After two years of immersion in the start-up world, I've learned a few things about leadership, power, grit, and initiative that I wish I'd learned 25 years ago--as a high school freshman.
Embedding these beliefs earlier would have minimized my learning curve and given me the confidence to do things much earlier than I thought possible.
So here they are: five beliefs girls need to learn early in their lives in order to have the confidence to start a business later.
I won't underestimate my value or my ability.
Others may question my ability, but I will not deprecate myself or deflate my accomplishments in order to appear humble.
When I pitch an idea to launch a business, I will confidently project what success would look like--$125,000 in revenue in the first year, not a sheepish $25,000. It's one thing to be unpretentious, but it's another thing to aim low out of fear of looking like a braggart.
I will speak up and say things that add value.
I won't be satisfied with just a seat at the table, I will say things that drive the discussion to new places and compel people to listen and consider alternate view points.
I have a unique perspective that is a needed part of the discussion, but no one will hear it unless I take a risk and speak up.
I can have it all, but I can't do it all.
Picking between a career and a family is a false choice. Instead, I'll choose to focus on the women (and men) who show me that I can do both.
I know that leaning into both my career and my family will require some adjustments. Some days, certain things will fall to the bottom of the priority list. Other days, those things will take precedence. I will remember that success is achieved through constant adaptation and resilience. So I will be adaptive and resilient.
I know that I cannot do it all, but I can build a professional and domestic team that supports me and picks up my slack. Asking for help is not a sign of weakness. It's a sign of self-awareness.
I will get comfortable with imperfection.
Starting and running a business is not like school. There is no study guide or test to validate my skills.
Starting a business is inherently risky. There is no perfect road map and it may not work. But I will get comfortable living without structure. I won't be afraid to try things--even if it means appearing imperfect or not knowing the answers.
And when I'm terrified, I will not only rely on my ability to work hard and ask for help, but also on my intellectual chops and ability to create a vision and lead others.

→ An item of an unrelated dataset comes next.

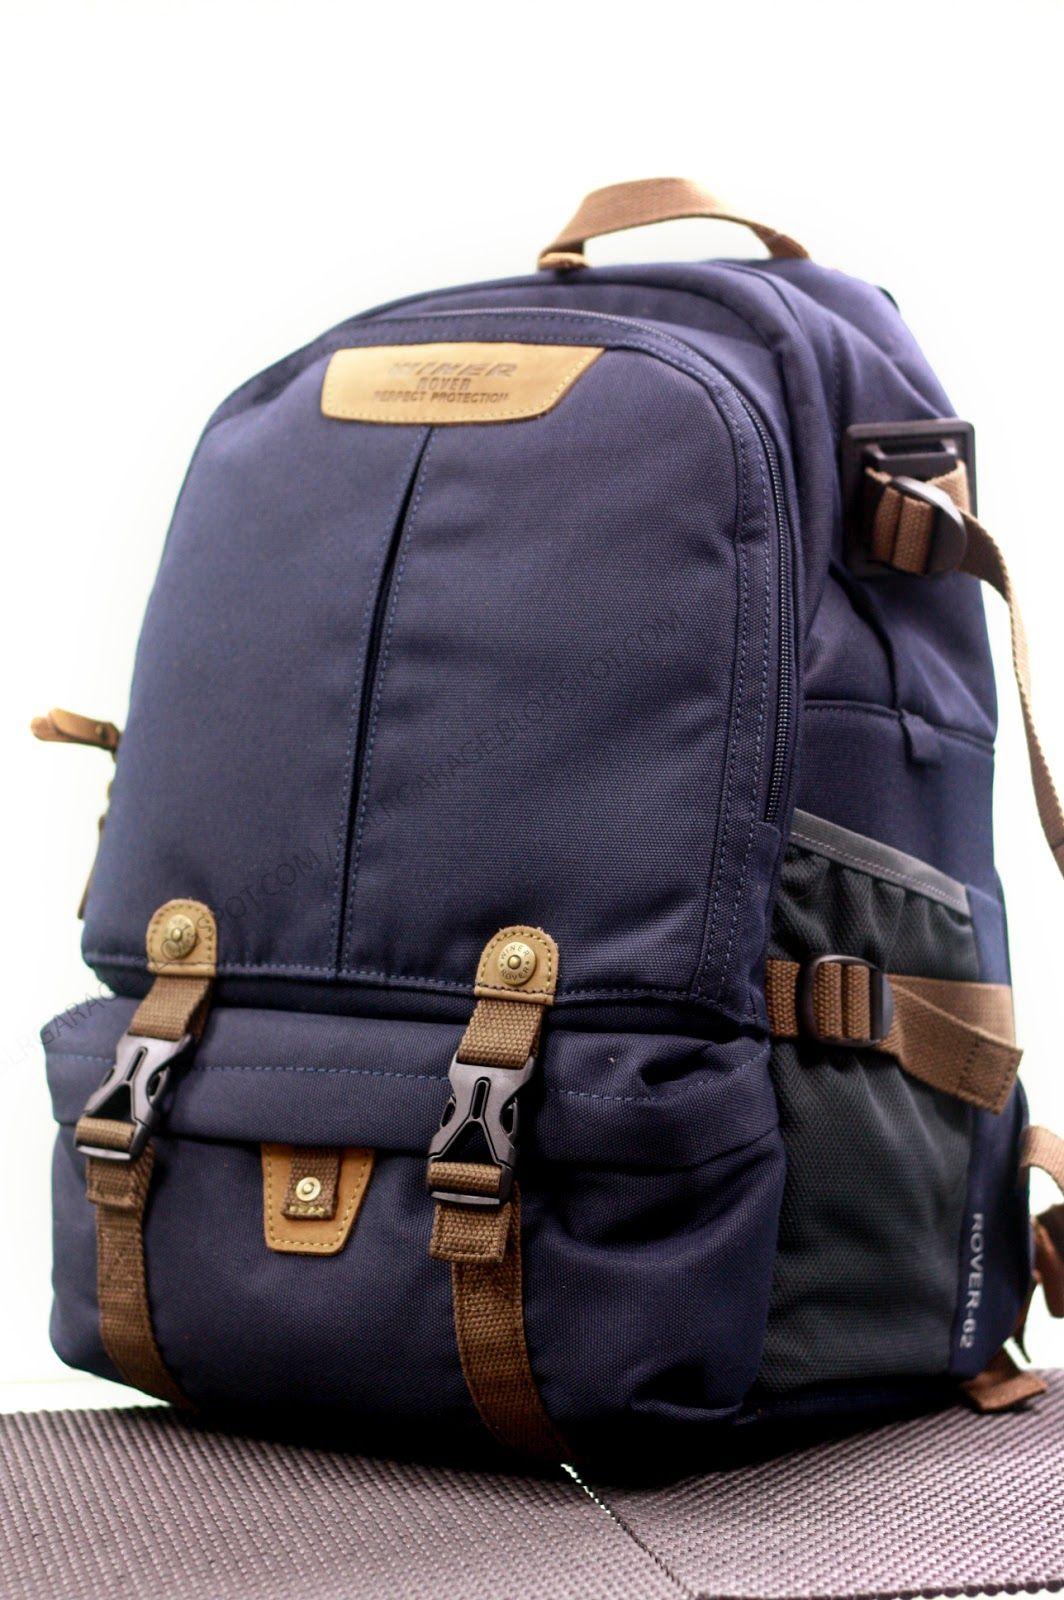 Winer Rover 62 DSLR Camera Backpack
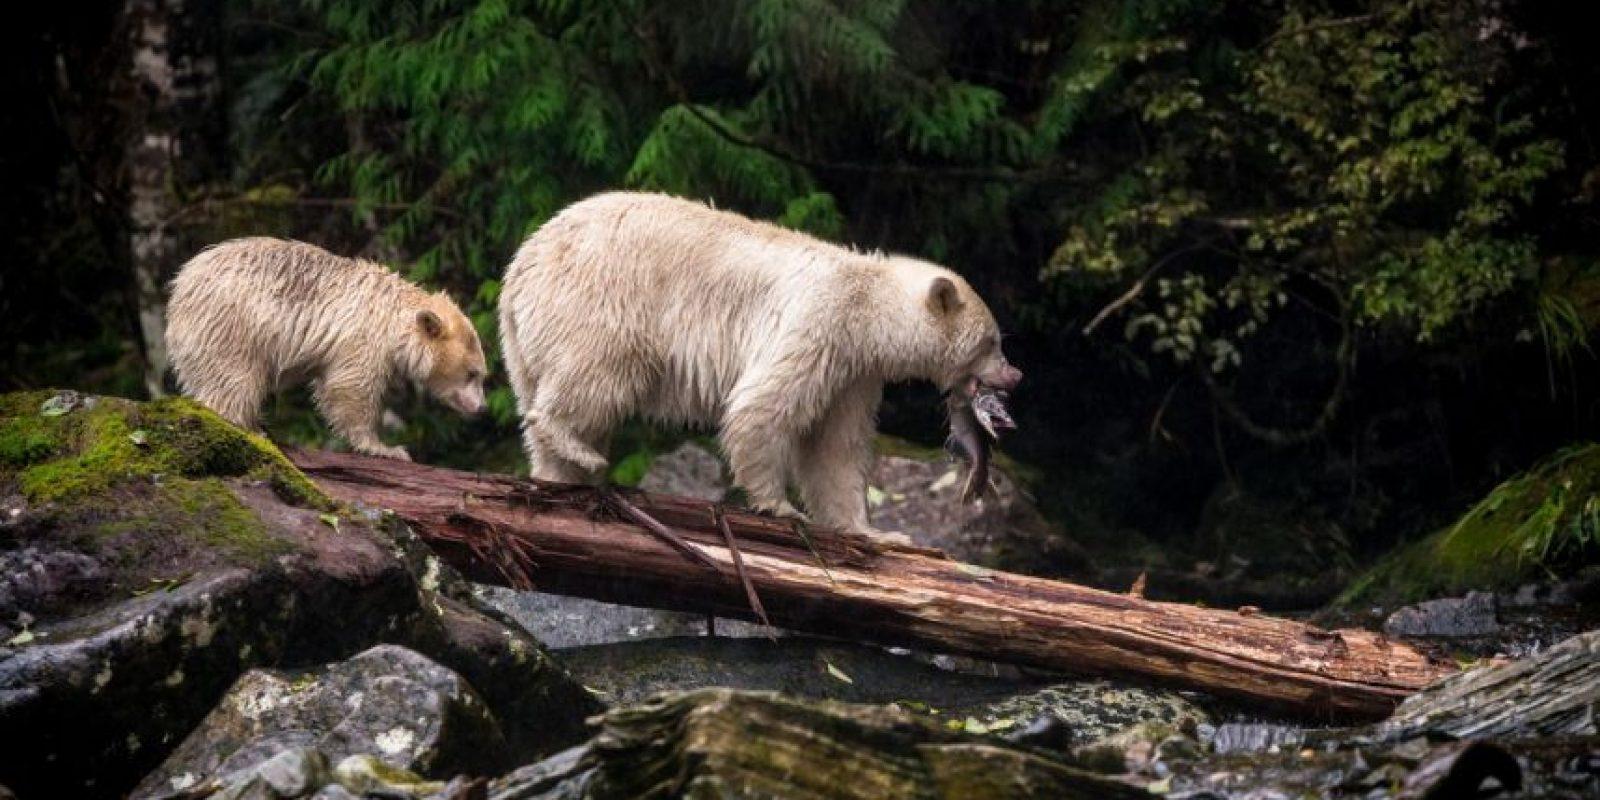 """La madre y su cachorro son """"osos del espíritu"""" u osos Kermode, una subespecie del Oso Negro Norteamericano que vive en las regiones de la costa central y norte de British Colombia, Canadá Foto:Agencias"""

I will embrace, not minimize, my uniquely female attributes.
Thinking collaboratively or having emotional intelligence is not a liability or something I need to change. I don't have to dress in a suit, be a bitch or even "bossy" to get extraordinary results. "Nice girls don't get to the corner office" will not be in my lexicon.
I won't cast off traditionally female attributes--emotional attunement, building consensus, holistic thinking--despite the short-lived advantages that comes with it.
I will do less "leaning in" and more standing up and speaking up.
I will stand up for myself and the way I want to live and work--with balance, meaning, and authenticity. I will speak up for my capabilities and viewpoints--with personal power and doses of kindness.
I will be a living example that you don't have to choose between happiness and success.